DoorDash said Wednesday it would begin giving its delivery drivers the option of being paid a minimum hourly wage, rather than making money for each delivery.
The significant shift in compensation could be an answer to concerns that some delivery drivers are not being paid fairly. It could also be an incentive for drivers to pick up smaller orders that don’t pay as well and that they would normally avoid.
Drivers can choose whether to earn money for each order — usually a few dollars of base salary plus mileage compensation — or receive a flat hourly fee, DoorDash said.
The hourly rate only includes active time, i.e. the time between accepting and delivering an order, and not the period that drivers wait for the next order. Drivers can switch between the two payment methods. Tips would be applied in addition to base hourly pay, the company said.
DoorDash, which uses gig workers to transport food and other deliveries, announced the change as part of Dash Forward, a product event marking DoorDash’s 10th anniversary.
DoorDash said it added the payment option in response to driver feedback and because it wanted to give drivers more decision-making power.
“One of the things we’ve heard a lot is about choice: choice of when, where and how they earn is very important,” says Cody Aughney, head of the company’s Dasher & Logistics team.
The relationship between gig workers and companies like DoorDash and Uber has come under scrutiny from regulators and labor activists in recent years. The biggest questions were about how those workers are classified and whether they are paid adequately.
Gig drivers are usually independent contractors who are responsible for their own expenses and do not receive benefits like full-time employees.

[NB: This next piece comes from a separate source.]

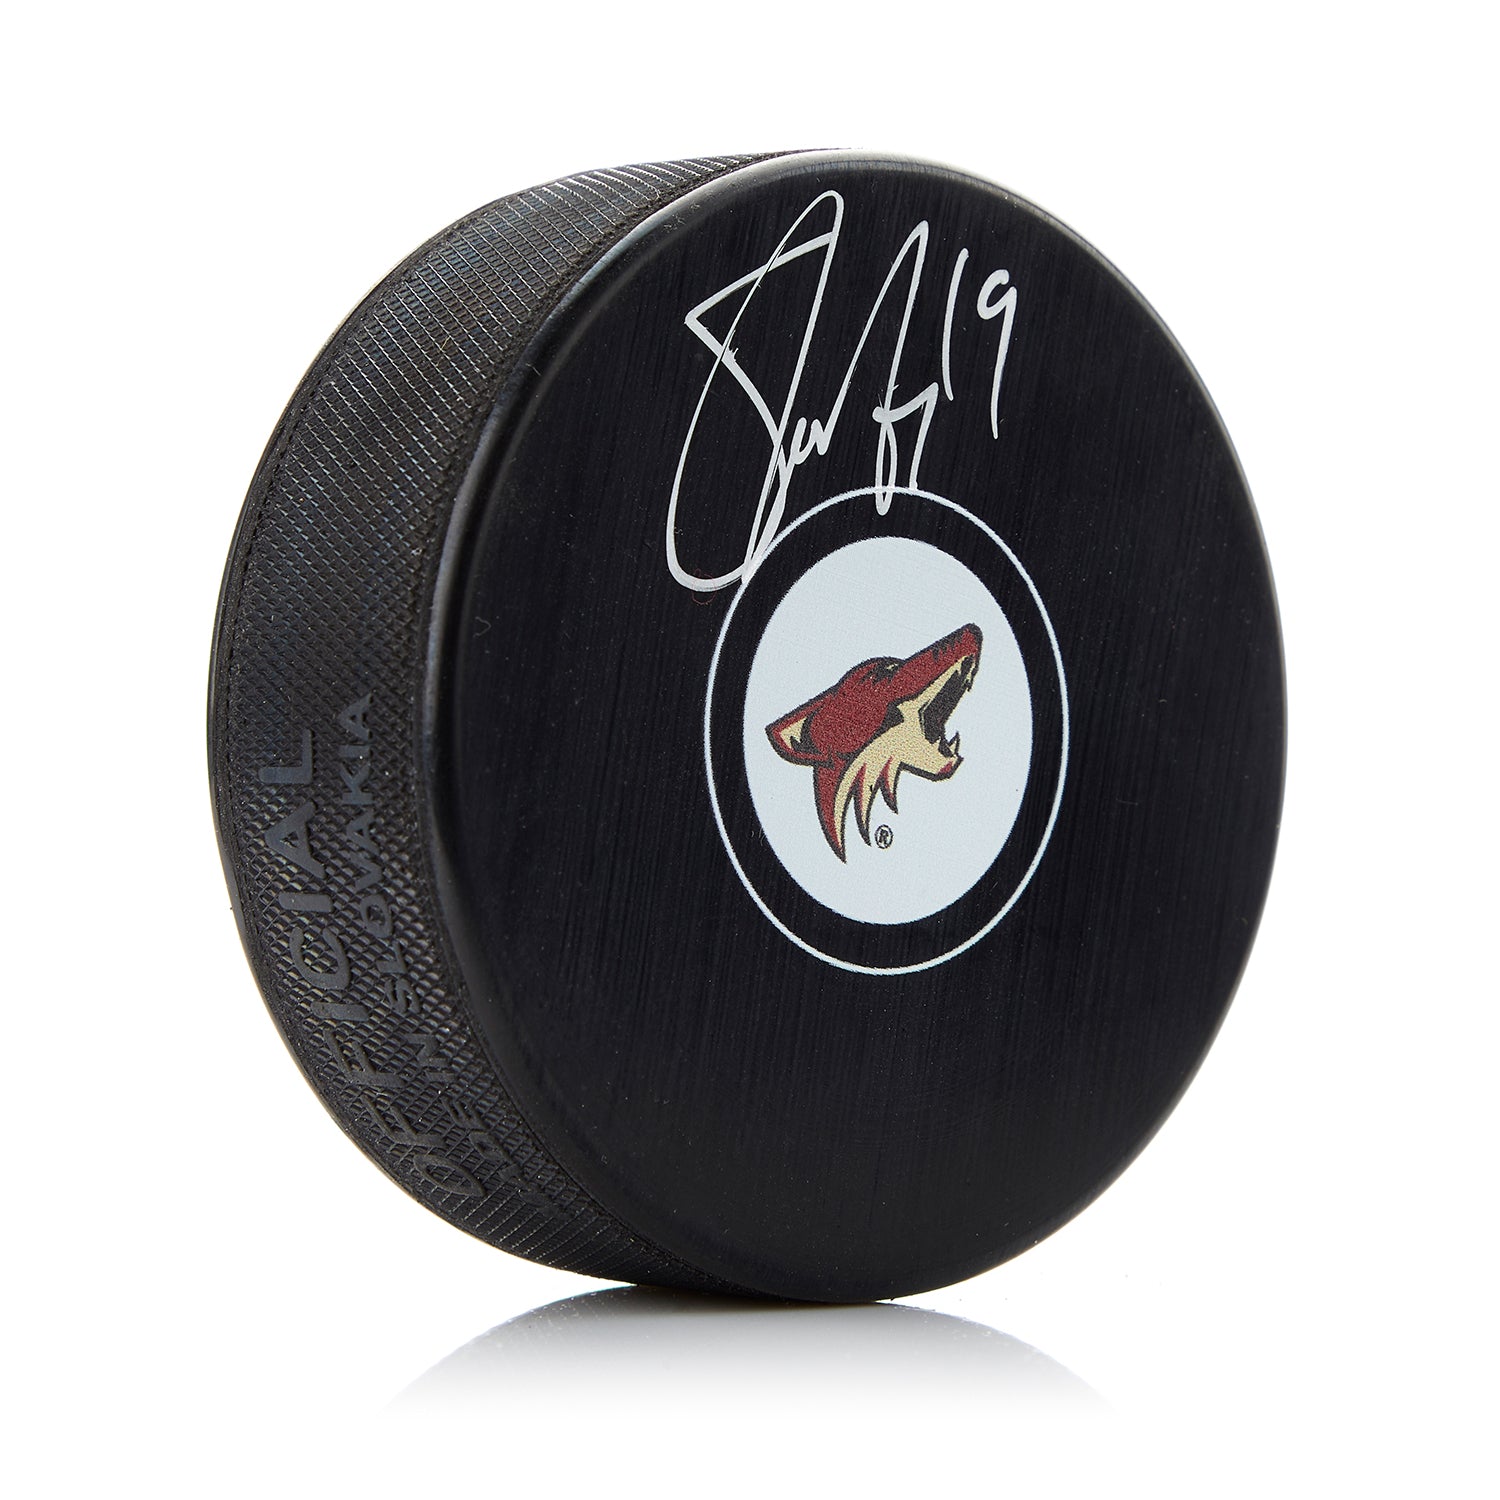 Shane Doan Arizona Coyotes Autographed Hockey Puck

They have long complained that they are underpaid and sometimes exploited by the companies.
DoorDash said drivers who chose to be paid by the hour and those who made money per delivery were likely to earn a similar amount. The minimum compensation depends on the region and ranges from $10 to $19.50 per hour, the company said.
The new payment method is similar to Proposition 22, a 2020 California ballot measure backed by gig companies that guaranteed drivers a minimum wage and other limited benefits in exchange for avoiding being classified as employees.
But DoorDash said there was a big difference: Drivers can switch between hourly pay and pay-per-delivery as often as they like. The new system will not be used in California, Seattle or New York – areas that have passed laws regulating minimum wages for drivers.
Sergio Avedian, a longtime driver and contributor to The Rideshare Guy, a blog that provides tips to gig drivers, said an hourly wage option “gives the drivers a bit of a comfort zone.”
Mr Avedian, who encourages drivers to reject orders that are unlikely to get a decent payday or a good tip, said the hourly payment could be a way for DoorDash to get them to accept smaller deliveries they would otherwise have skipped .
“On their side, it’s about pushing through as many orders as possible, and on the driver’s side, it can give them some reassurance,” he said.
Because some drivers refuse less desirable orders, DoorDash said, those who accept whatever is offered to them get a disproportionate amount of those cheaper deliveries and are disadvantaged. The hourly minimum wage, the company said, will help that group.